В следующий момент сильные руки бесцеремонно схватили его, подбросили вверх и снова поймали, и легкомысленный звучный голос весело прокричал что-то непонятное и одновременно вроде бы немного и понятное, но подзабытое:

– Mon petit prince Zagorski!

Смущенный Алесь попробовал освободиться, но руки держали его крепко, а рот человека, пахнущий очень приятным табаком, целовал его лицо.

– Мы протестуем!… Tout va bien! Tout va bien, mon petit fils!

Синие глаза смеялись, заглядывая в зрачки маленького звереныша, который съежился на руках, уклоняясь от чужих губ.
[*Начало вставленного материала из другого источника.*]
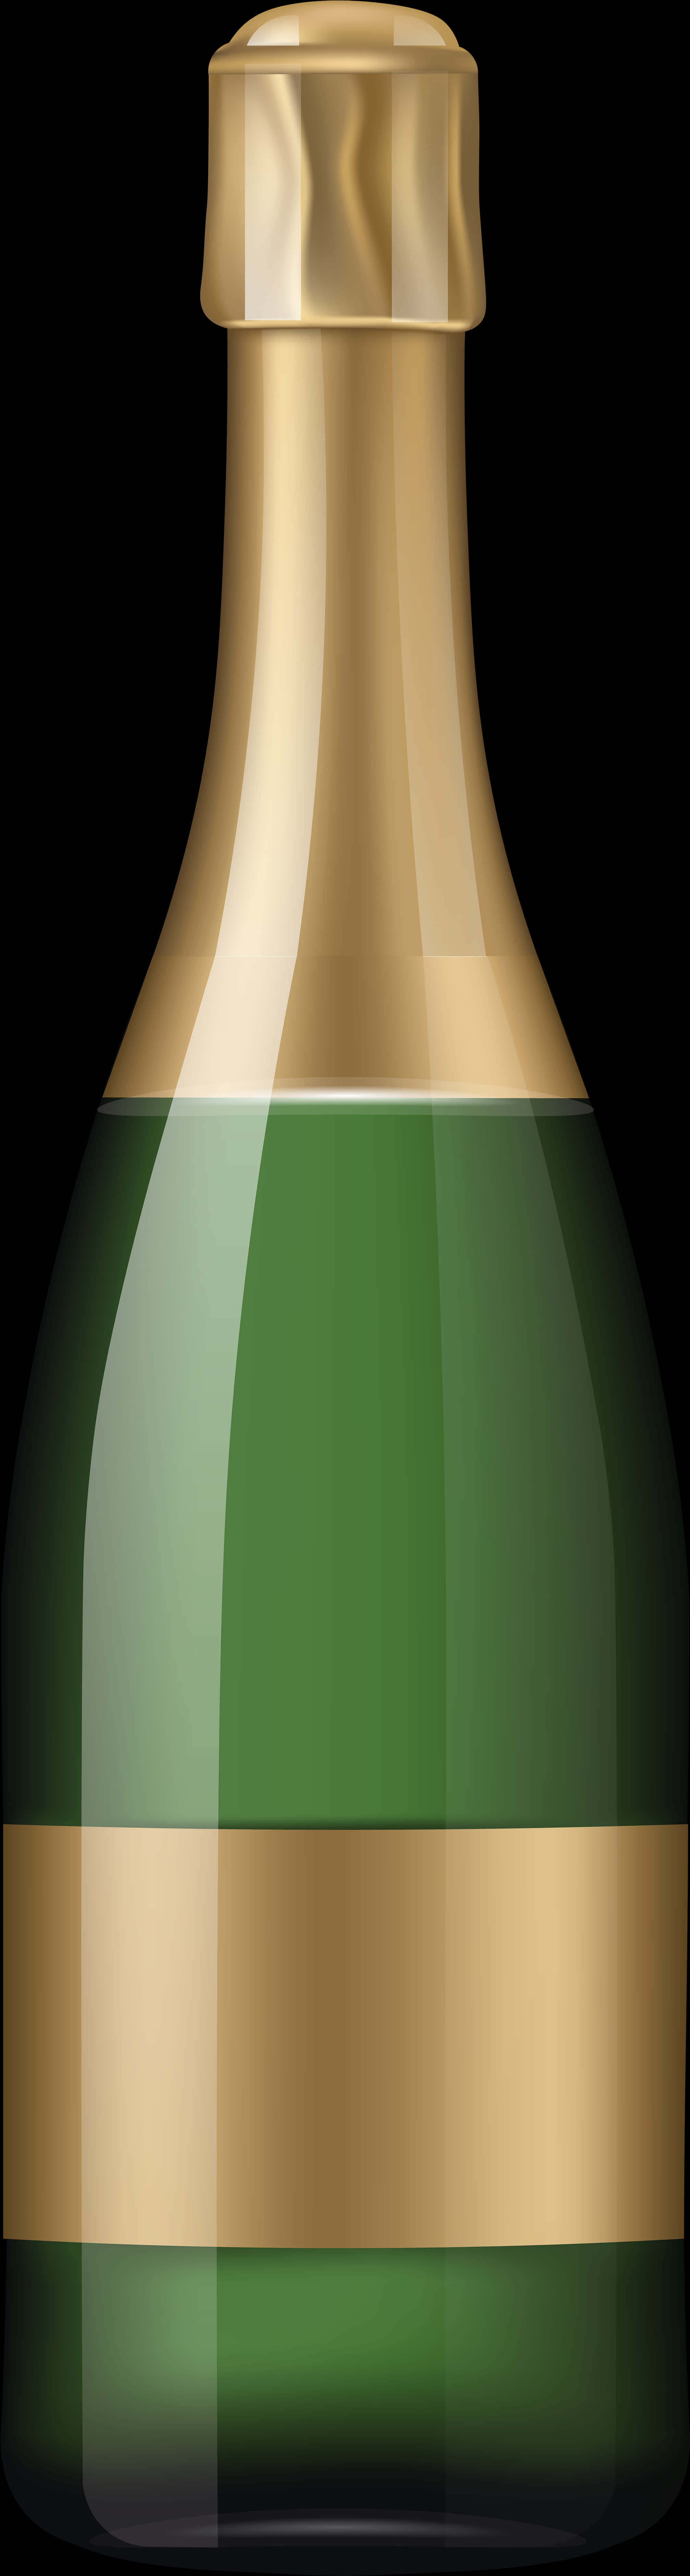 Champagne Bottle Vector Illustration PNG

И тогда белый стегнул плетью коня и понесся в аллею, в мелькающие блики солнечных зайчиков, оставив далеко позади себя кабриолет.

Аллея разделилась на два полукруга из деревьев, и впереди, за клумбой, за кругом почета, встал дом, широкое крыльцо, окаймленное легкими арками, и белокаменная терраса, на которой стояла женщина в утреннем туалете.

Белый прямиком через клумбу подскочил к террасе, поднял Алеся и пересадил его через перила на руки женщине. Потом встал на седло и перебросил через перила свое гибкое тело.

– Ag, Georges! – только и произнесла укоризненно женщина.

И сразу прильнула к мальчику, внимательно заглядывая в его глаза серьезными, темно-серыми, такими же, как у Алеся, глазами. Говорила и говорила что-то гортанно-страстным и тихим голосом и лишь потом спохватилась:

– Он не понимает, Georges.

– Ai-je bien attache le grelot? Кони – мечта мальчишек. Вот я и прокатил.

– С самого начала и так по-чужому, Жорж…

– Черт, я и не подумал, – сказал смешливый.

И обхватил женщину и мальчика, прижал их к себе.

– Ну, поцелуй меня, поцелуй ее… Ну!

Женщина и белый говорили по-крестьянски. С сильным акцентом, но все же говорили, и это делало их более близкими.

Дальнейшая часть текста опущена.